The verifier runs in its own container by default with no network access. Declare verifier.network_mode: public in the frontmatter only if the verifier calls an LLM judge or external API.

oracle/

The oracle is a reference solution. Its job is to prove the task is reachable: when run under the same environment, it must score a passing reward (1.0 for binary checks). Reviewers re-run the oracle as part of acceptance, and CI re-runs it on every change to the environment image.

oracle/solve.sh
#!/bin/bash
# oracle/solve.sh — reference solution. Runs in the same container the
# agent uses. Must achieve a passing score so reviewers can confirm the
# task is solvable; CI re-runs it on every image bump.
set -e
WORKSPACE="${BENCHFLOW_WORKSPACE:-/root}"
mkdir -p "$WORKSPACE"

cat > "$WORKSPACE/answer.json" << 'JSON'
{
  "result": 42
}
JSON

Keep the oracle as simple as the task allows — it is documentation as much as a regression check. A long, clever oracle usually means the task is doing too much.

Validate locally

Use the bench CLI from the benchflow repo to validate before opening a PR. Two levels matter for authors:

shell
# 1. Schema-only — fast, no Docker required
bench tasks check ./tasks/your-task-name --level schema

# 2. Publication-grade — builds the image, runs the oracle, scores it
bench tasks check ./tasks/your-task-name --level publication-grade

Schema mode catches frontmatter typos, missing required fields, and unknown headings. Publication-grade additionally verifies the full submission contract — including that verifier/rubrics/ contains at least one rubric file. CI runs schema on every PR and publication-grade on PRs that touch tasks/; running the same command locally first cuts the review loop.

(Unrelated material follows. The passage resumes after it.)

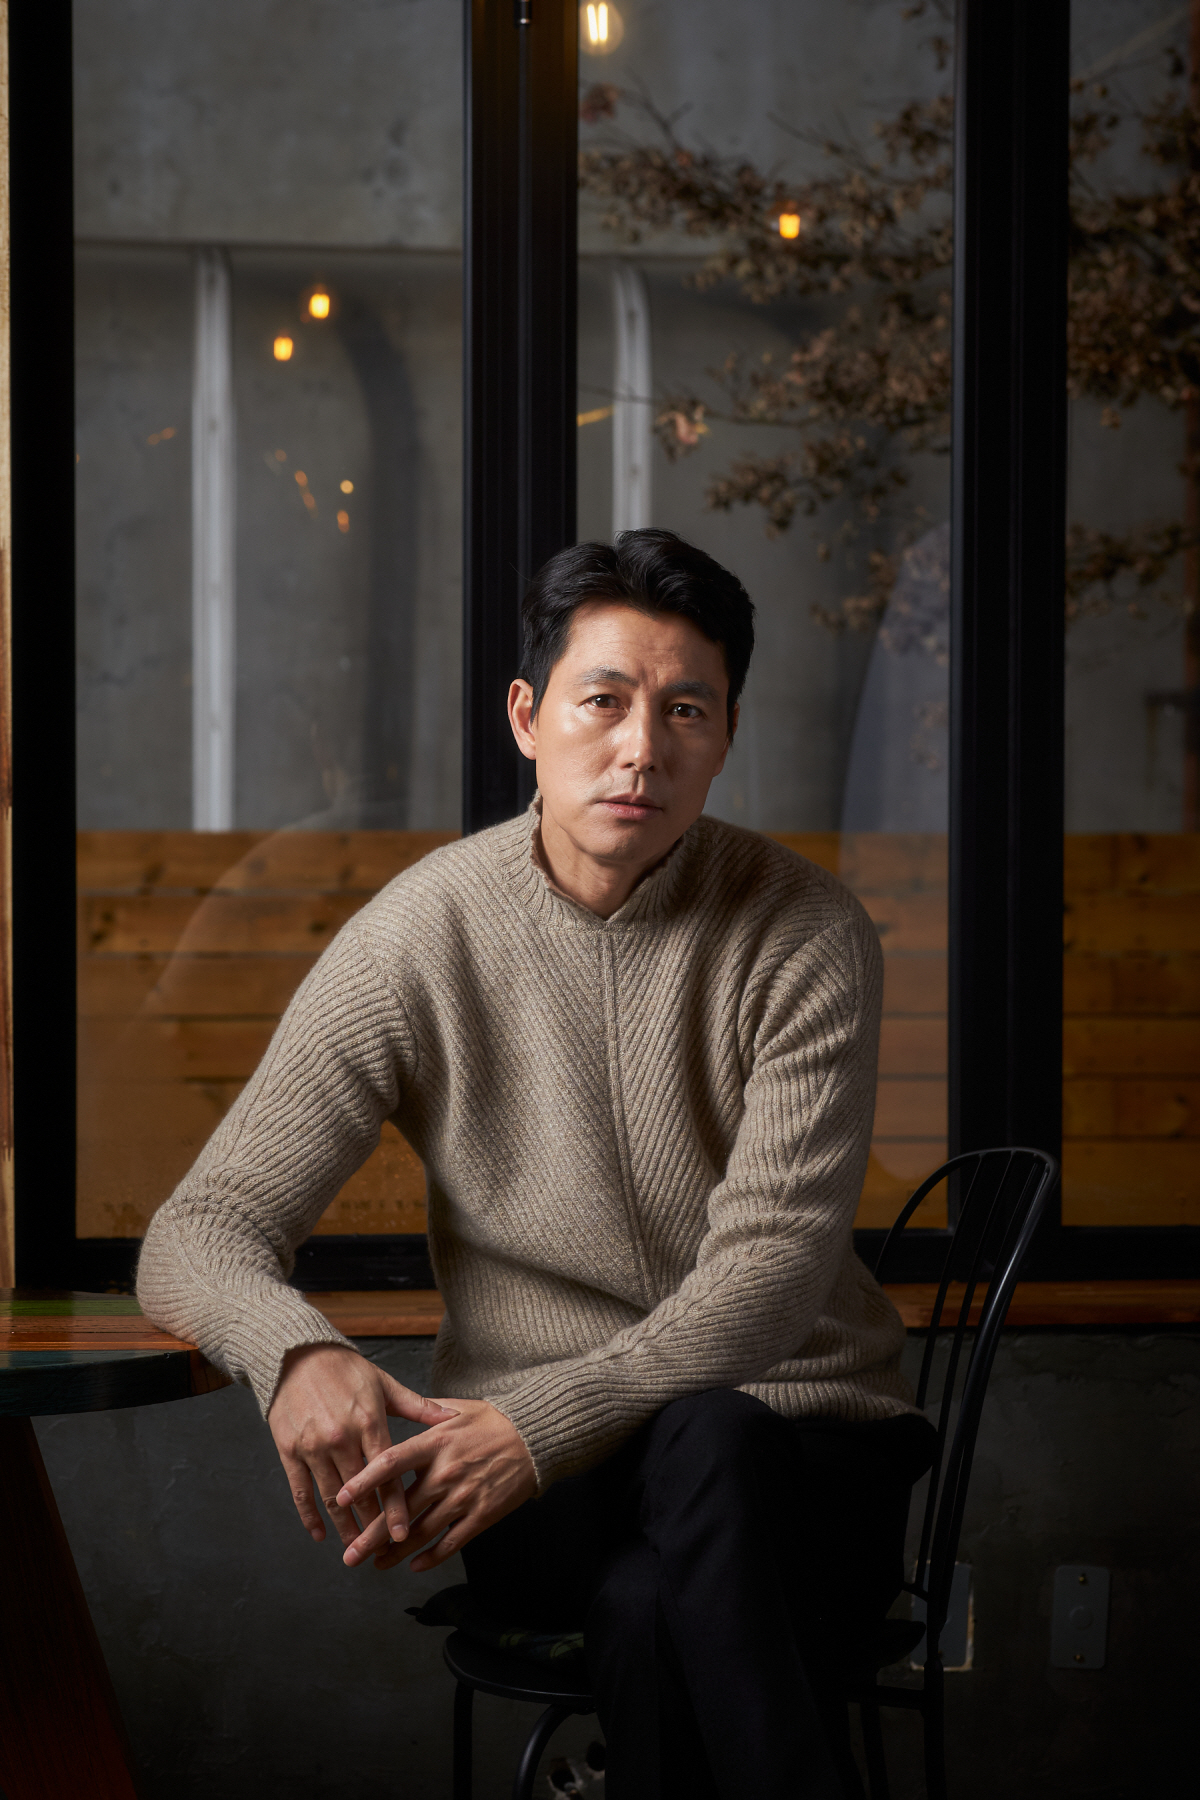 My first production debut, Im having a crazy day, said Actor Jung Woo-sung, 47.Jung Woo-sung, who played Tae-young, who fell into a swamp of Hantang, suffering from private debt because of his lover Michelle Chen (Jeon Do-yeon), who disappeared from the crime thriller The Beasts Who Want to Hold a Jeep (directed by Kim Yong-hoon, produced by BA Entertainment and Megabox Central PlusM).He met with Samcheong-dong, Jongno-gu, Seoul on the morning of the 6th and told the behind-the-scenes episode and recent news about the animals that want to catch straw.The animals that want to catch the straw, which is a film of the same name by Sonne Kaske, depicts the worst choices and consequences of extremely ordinary humans, such as shaky heads, government officials, and housewives whose families have collapsed, to escape desperate situations.All the characters in the movie are forced to catch the straw in the corner because of the inevitable situation, and the human nature is not evil, and it captures 108 minutes of those who see it as a new and unique composition, a restless development, and a stylish mise-en-scene.The animals that want to catch even the straw, which became a screen-expected film in February, were also proven to be directing by winning the Special Jury Award at the 49th Rotterdam International Film Festival, which closed on February 2.In addition, the animals that want to catch even the straw is the overwhelming hottest point of the famous actors who are called Chungmuro The All-Star.In particular, Jung Woo-sung, who won the first best actor award in 25 years at the 40th Blue Dragon Film Awards held last November, attracts attention by making another transformation through animals who want to catch straw.Jung Woo-sung, who played Taeyoung, an immigration officer who plans to make the last tang due to Michelle Chen, who left a huge debt in his future.Jung Woo-sung, who tried to transform the reversal into a character with a soft charisma that has been shown in the meantime and a human charm, witfully captures the ironic situation that takes place in the process of developing a tense story and predicted the birth of a new life character in the 26th year of debut this year.Jung Woo-sung is in the midst of preparing for the commercial movie production Guardian which is scheduled to crank up on the 10th.Guardian is an emotional action film about a mans struggle to protect the last remaining person. Jung Woo-sung directs and appears directly. In addition, Kim Nam-gil, Park Sung-woong, Elijah and Kim Joonhan are added.Jung Woo-sung said: Im really distracted right now, Im hunting in the provinces, the scene atmosphere is still going to be good.I had no intention of starring in the production from the beginning. I had to star. Guardian has not been in production for years.It was a work planned by Watchers PD, but the doctor was accidentally hit and became Top Model The biggest influence on director Jung Woo-sung is director Kim Sung-soo of Bit and Asura, which seems to have helped me acquire the opportunity or way to participate in the work.Ive talked about it before, but Ive suggested that I write a narration of Bit, and Ive praised and reflected my Top Model, which has helped me expand my confidence.I have such confidence, so I took a short image and I was prepared to supervise.  I am good at communicating with actors and staff in the current production, but I do not think I will suffer in the field. The beasts who want to catch even the straw is a crime scene of ordinary humans planning the worst of the worst to take the last chance of life, the money bag.Jeon Do-yeon, Jung Woo-sung, Bae Sung-woo, Jung Man-sik, Jin Kyung, Shin Hyun Bin, Jungaram, Park Ji-hwan, Kim Joonhan, Heo Dong Won, and Yoon Yeo Jung.It was scheduled to open on December 12, but it was postponed due to the spread of new coronavirus infection.

Install the CLI once and forget about it:

shell
# Recommended: uv tool install (isolated, fast)
uv tool install benchflow

# Or with pip
pip install benchflow

Submit

Open a pull request against the posttrainarena repo with your task directory under tasks/. Include the local publication-grade output in the PR description so reviewers know it built and passed against your machine. Discussion happens on Discord and in the PR thread.

Accepted tasks are released openly. We post-train a Qwen3-8B model across the accepted pool and score it on the private IndexBench suite. Standings will be published once Phase 1 begins.